Everyone is born with ability, but a kind of membrane exists that seems to restrict aspirations. I have reasonable ability, but I'm aware of mental restrictions that prevent me from becoming what I'd really like to be, such as a theoretical physicist or cosmologist. With lots of effort and a little luck, I might be able to advance somewhat in these directions, but I would be average at best. I'm also too old now, so different pursuits are in order. And I'm tired of throwing myself against this particular membrane.
Anyway, I'm pretty good at making people think I'm smart and in some ways I am. I am a renaissance man, knowing a little about a lot of things. I might describe myself as a lake a mile wide and an inch deep. This has resulted in my formulation of the ten-minute principal: learn enough to hold your own for ten minutes around anyone, then excuse yourself while they still think you're brilliant--sooner, if people quickly get into the details.

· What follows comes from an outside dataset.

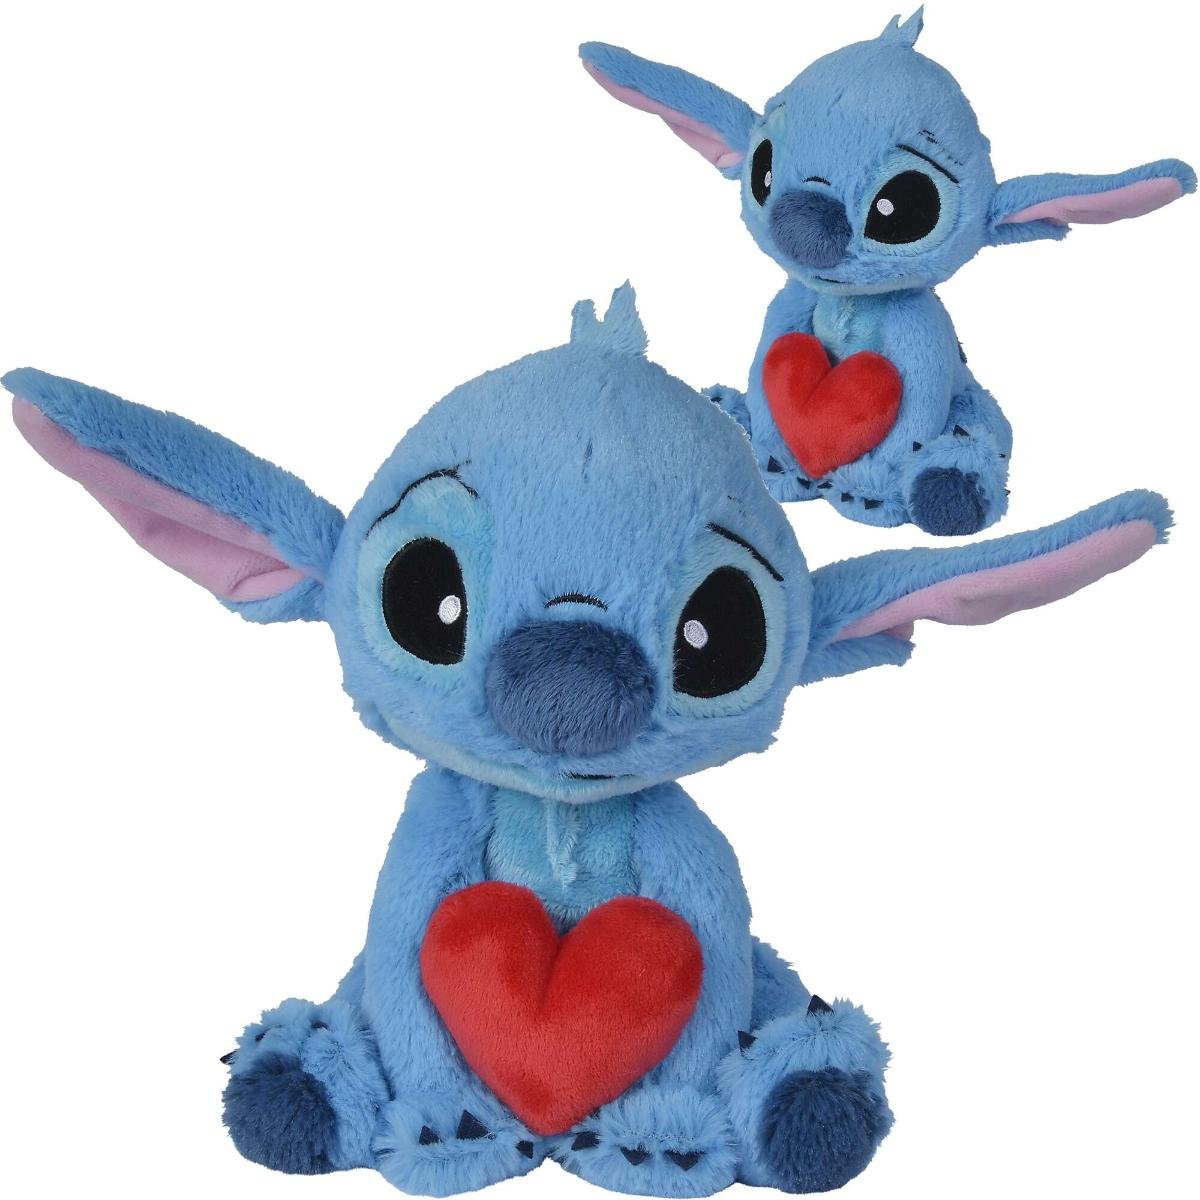 Zdjęcia - Maskotka Simba Lilo i Stitch  pluszak Stitch z sercem 25 cm Disney

Many if not most people are content within the realms of their own limitations--able to tolerate the mundane and repetitive. Thank goodness for them all, for they make it possible for people like me to dabble and fail most of the time. Once in a while, however, dabbling has precious results. The world belongs to the dissatisfied, and I am, if anything, dissatisfied, always seeking a new and simpler way to do things. It's part laziness and part resourcefulness--especially if I can get someone else to assume the bulk of heavy lifting.
But I digress. I'm at about a 93 out of a hundred while all the fantastic stuff is done by those 98 and up. My ten minutes seldom provides anything of use to them. So I keep looking for my niche.
Along the way I've discovered things for which no limiting membrane exists, such as love, compassion, courage and desire. Many more of such ilk could be mentioned. No certain level of intelligence, wit, knowledge, wealth or experience is necessary to wield these skills. It probably has more to do with being than doing. Consider for instance the difference between the statements "I tell the truth" and "I am honest." The first is what I do. The second is what I am. One can tell the truth and not be honest.
I've pondered whether poetry is such a guileless thing that ranges across the abilities of plain and precious folks. Unfortunately, I am forced to conclude that bad poetry exists, along with average, above average and excellent verse. I had written a few things before joining the Soup and had taken a few poetry workshops where my work was generally scorned as anachronistic. Classmates and the teacher would take turns liking it to whatever archaic poet came to mind--whether Shelley, Keats, Yates, etc. How would I know? I am not a student of poetry and simply write as it comes to me. Here on the Soup I was delighted that archaic poetry was welcome.
I've been generally gratified at the response to my poems here and am pleased to have gained a few fans, and your comments and friendship have kept me writing. I really began to apply myself to the best of my ability and worked hard for a couple of contests with disappointing results on two that I thought had merit. Take a look at "Diamond in the Sky," a Shakespearean Sonnet, as well as "A Poet's Constanza Lament for the Night." Read the comments for each and then consider that neither poem even placed. This has been difficult for me to deal with.
I weary of having to beat other peoples' poetry bushes all the time in order to get comments on my own work. Of course, the messages I do get are wonderful and supportive, but the placement of my poems in contests is not consistent with the warmth of the remarks. Thus, the process seems disingenuous with the few exceptions of those who persistently stop by. It appears that I have answered the question as to the merit of my poetry: above average with an occasionally brilliant spasm of skill. I aspire to greater prose, and I think that my sense of rhyme and meter cannot be improved. Technically, it's there, but I don't my poetic sense is commensurate with these. And it is unlikely to improve. I am condemned to be above average, and this is seldom memorable.
A skill I have is star mapping. A few items I've published so far can be seen at my web site: www.starglobalmapping.com. I am now drawing an Atlas of the Constellations, a reference level work requiring supreme focus, dedication and tenacity. If I apply myself completely to this project, it will still take years to complete. The emotional ups and downs of poetry, and its level of time commitment are difficult to reconcile with what is required to complete the atlas. Thus, I wrote my current poem "Farewell" with the intent of saying goodbye in order to return to the heavens. Still, it's saddening to leave my friends here behind--people I've never met but whom I feel I've known my entire life.
It may be that a poem will someday insinuate itself into my mind, and, if so, I'll share it. But I'm abandoning the effort to be competitive. If a few enjoy what I might compose, that will suffice. And, of course, I'll pay attention to yours. I treasure your work. Continue to give expression to the longings of your heart.